In many statistical applications, we want to minimize the sum of squares to find the optimal mu and sigma. Before we do that, we may want to evaluate or plot the function for many different values of mu or sigma. However, passing a vector of mus or sigmas won’t work with this function because it’s not vectorized.

> x <- rnorm(100)       ## Generate some data
> sumsq(1:10, 1:10, x)  ## This is not what we want
[1] 110.2594

Note that the call to sumsq() only produced one value instead of 10 values.

However, we can do what we want to do by using mapply().

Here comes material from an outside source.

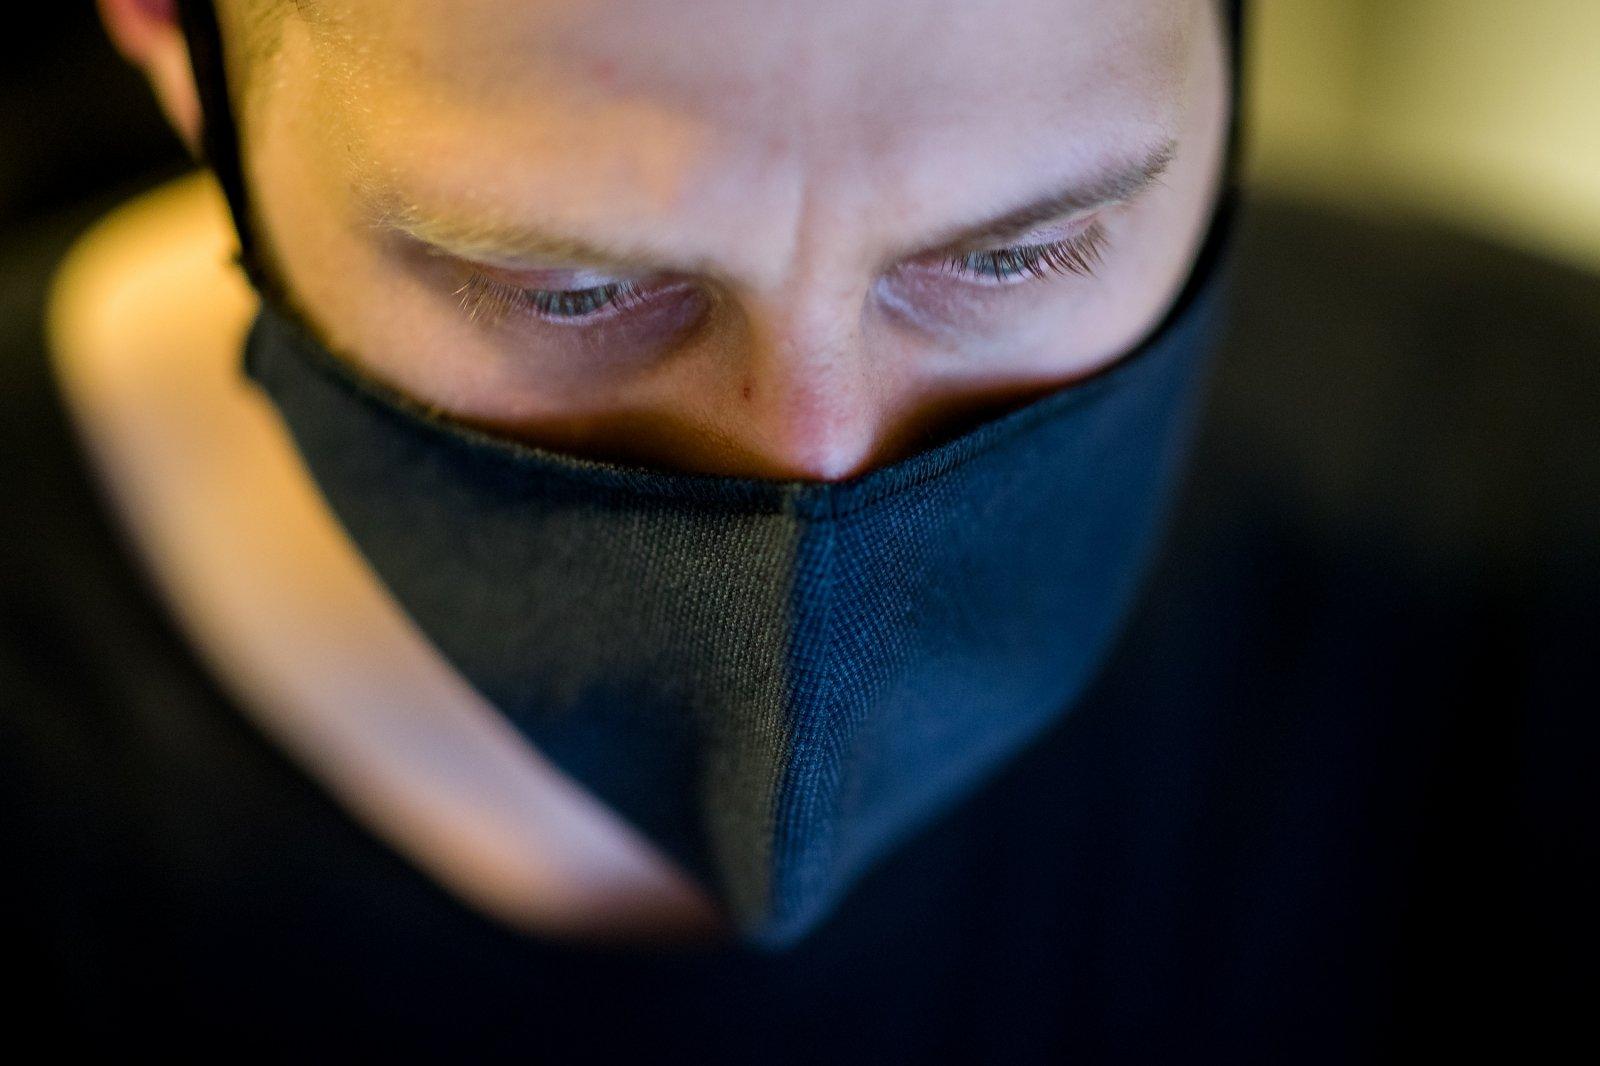 Браво охраннику: в Запорожье мужчина без маски устроил драку в супермаркете

> mapply(sumsq, 1:10, 1:10, MoreArgs = list(x = x))
[1] 196.2289 121.4765 108.3981 104.0788 102.1975 101.2393 100.6998
[8] 100.3745 100.1685 100.0332

There’s even a function in R called Vectorize() that automatically can create a vectorized version of your function. So we could create a vsumsq() function that is fully vectorized as follows.

> vsumsq <- Vectorize(sumsq, c("mu", "sigma"))
> vsumsq(1:10, 1:10, x)
[1] 196.2289 121.4765 108.3981 104.0788 102.1975 101.2393 100.6998
[8] 100.3745 100.1685 100.0332

Pretty cool, right?

## 16.12 Summary

• The loop functions in R are very powerful because they allow you to conduct a series of operations on data using a compact form

• The operation of a loop function involves iterating over an R object (e.g. a list or vector or matrix), applying a function to each element of the object, and the collating the results and returning the collated results.

• Loop functions make heavy use of anonymous functions, which exist for the life of the loop function but are not stored anywhere

• The split() function can be used to divide an R object in to subsets determined by another variable which can subsequently be looped over using loop functions.